Jade Prophet

Home > Other > Jade Prophet > Page 6
Jade Prophet Page 6

by Sam Abraham


  One of the cops moved to strike her, but Shen stopped him. “Your mother’s given name is Hua.”

  Li smothered her fury. “Where is she? Quit licking my ass and tell me.”

  Shen smiled. “If you can behave, I’ll tell you anything you want to know.” He took a drag of a Zhonghua, favoring the old-fashioned cigarette as a mark of loyalty, and looked at her with fierce, discerning eyes. “Can you behave?”

  She seethed. “Yes, Laoshi,” she said.

  “Bring her,” Shen grunted.

  He led the cops out of the main entrance. Normal people heading to the train stared at her, in her torn smock and stolen shoes, her arms pressed painfully behind her. She thought of the girl Zhu, with no one to help her. Then she was shoved into a black selfdrive idling at the curb. Shen got in across from her and focused his eyes on a holo that slid the car door shut, leaving them in private.

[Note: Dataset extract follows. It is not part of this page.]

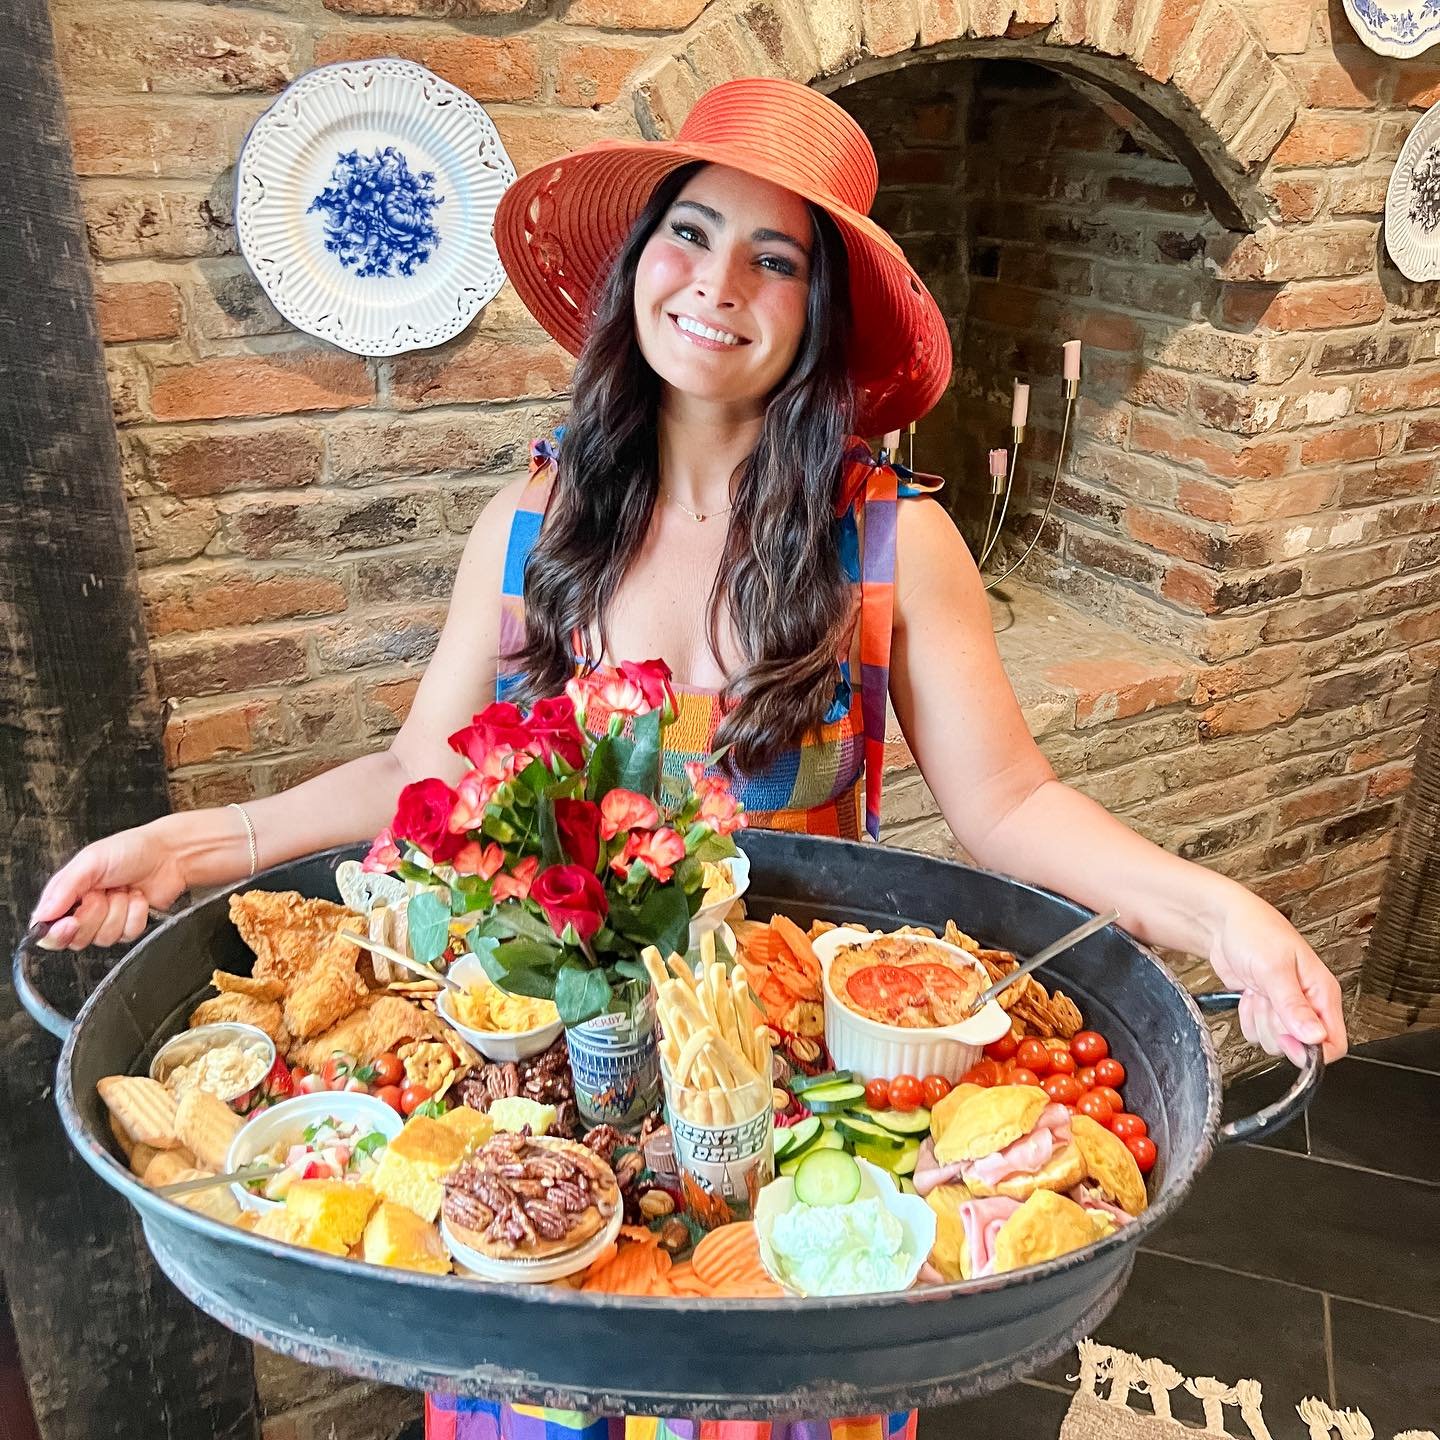 🌹🐎KENTUCKY DERBY RECIPE ROUNDUP 🐎🌹 Featuring hot brown dip, Derby pie milkshakes, mint julep salsa, Kentucky derby board, bourbon Kentucky butter cake, cornbread beef tenderloin crostini, and more! Comment DERBY below and I&rsquo;ll send you the 
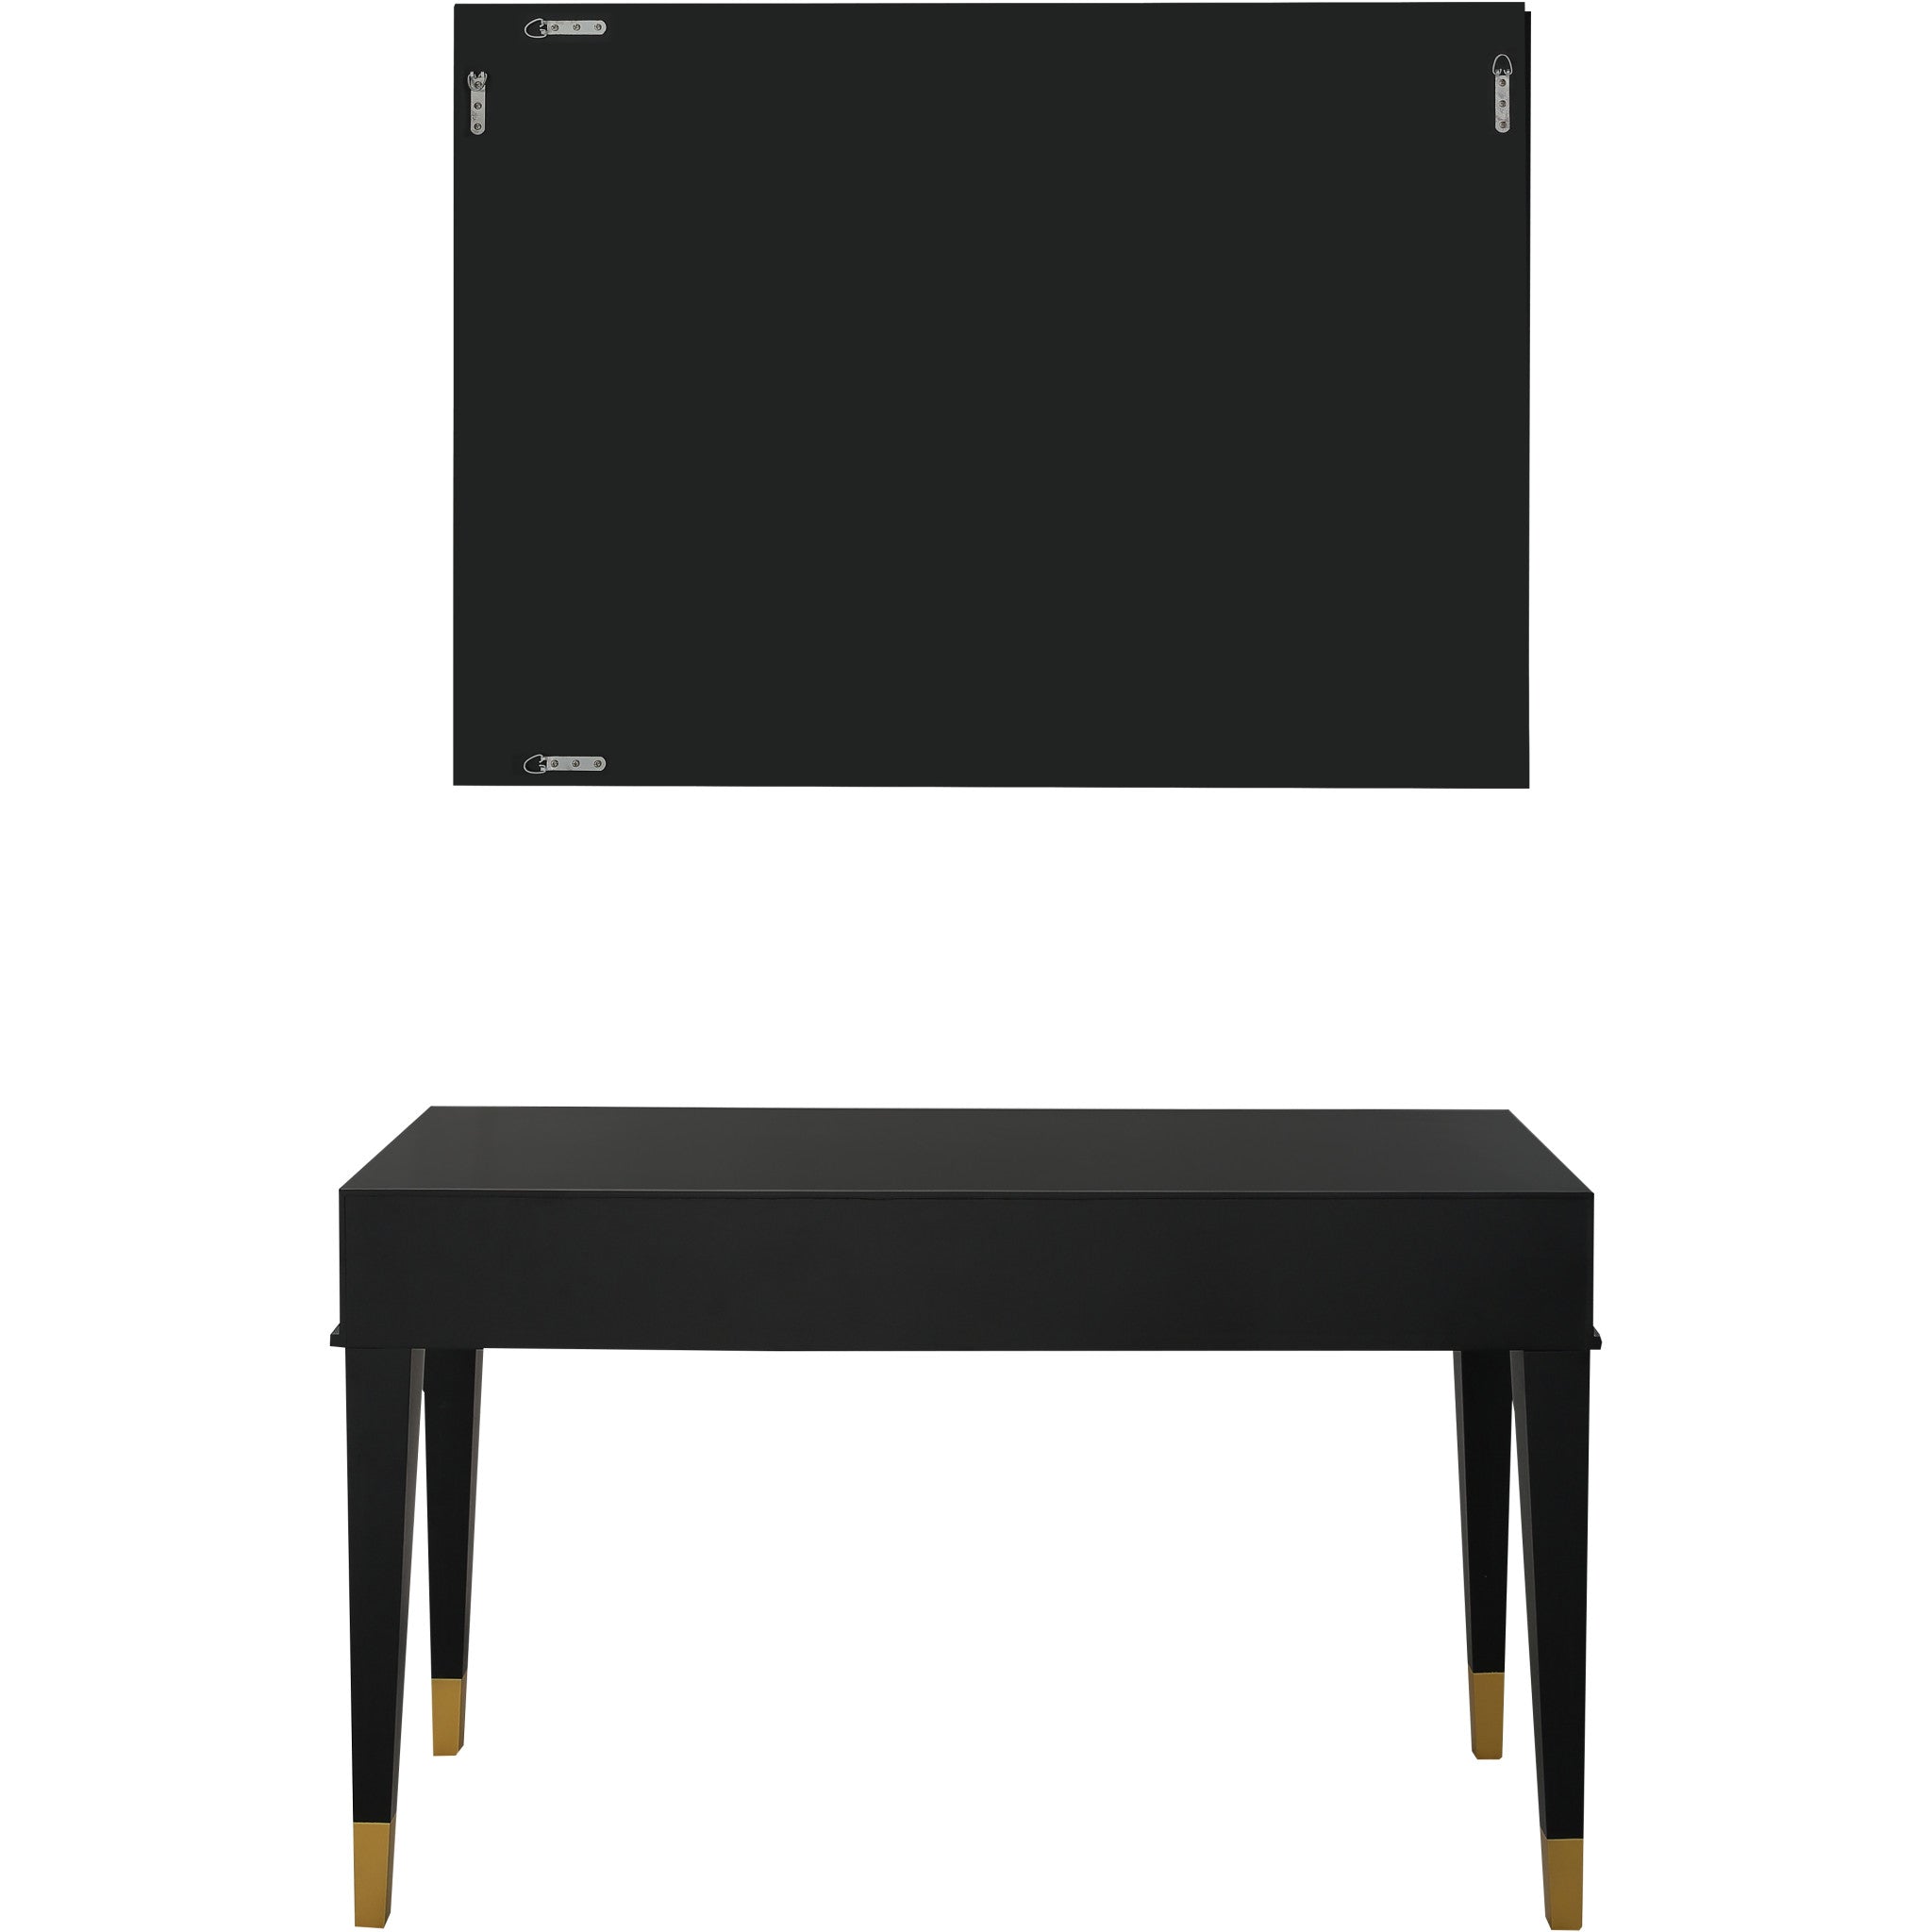 Set of Two 47" Black and Black and Gold Console Table And Drawers

  “Where is my mother?” Li said as she rubbed her wrists, tired of games.

  “With your father, near Nanjing,” her teacher said, smiling sharply. “You may go to them, of course. On the way, I hope you will first go visit the scientist who invented the technology enabling your enhancements. We want you to talk to him.”

  “And if I refuse?” Li said.

  Shen shrugged. “Walk away if you want. But my offer to you was clear: reunification with your mother in exchange for your service. Her location is a state secret. If I trust you with these details and you betray that trust, you would probably need to be lobotomized. Forgotten.”

  “You would do that to me?”

  “It is not up to me. You and I, Xuesheng, are just stones in a much larger game of go.”

  Li was quiet for long moments. She thought about her dream and looked down at her filth, and said, “And I suppose that kidnapping me and shipping me off as a slave was just part of your game?”

  “That quarry gang has been on our target list for years,” Shen said, ignoring her anger. “The Complex thanks you for dispatching them as part of your training.”

  Unable to believe her ears, she hissed, “How can you call that training?”

  “A strike team was being queued, with the assumption of at least fifty percent collateral damage. As an undercover agent, you saved lives.” He gave her a patronizing sigh. “And I needed you to learn how to kill. Now that you are a killer, you can help us in ways few others can. You can do what it takes to fight forces threatening the stability of our society.”

  “Something impossible happened, Laoshi,” Li said, slowly. “An electrical storm. Inside, as I was escaping. Did I really cause it? When you told me in the Complex, I’m not sure I believed you.”

  “You come from a special family,” Shen said. “There is so much more I can teach you. So, will we work together? Can I trust you?”

  Li saw her teacher consider her as if everything depended on her next move. She nodded.

  “A wise decision, Xuesheng. Your contact is in the town of Jingdezhen. He is working with this engineer I spoke about, Dr. Yang. Yang has discovered how to use longshui as an energy source. You must help Yang conduct an important experiment.”

  “Why not just send in the Army to watch him?” Li said.

  Shen shook his head. “There are few others we can trust.”

  “What about Yang?” she said. Her teacher’s silence confirmed her suspicion. “Why not?”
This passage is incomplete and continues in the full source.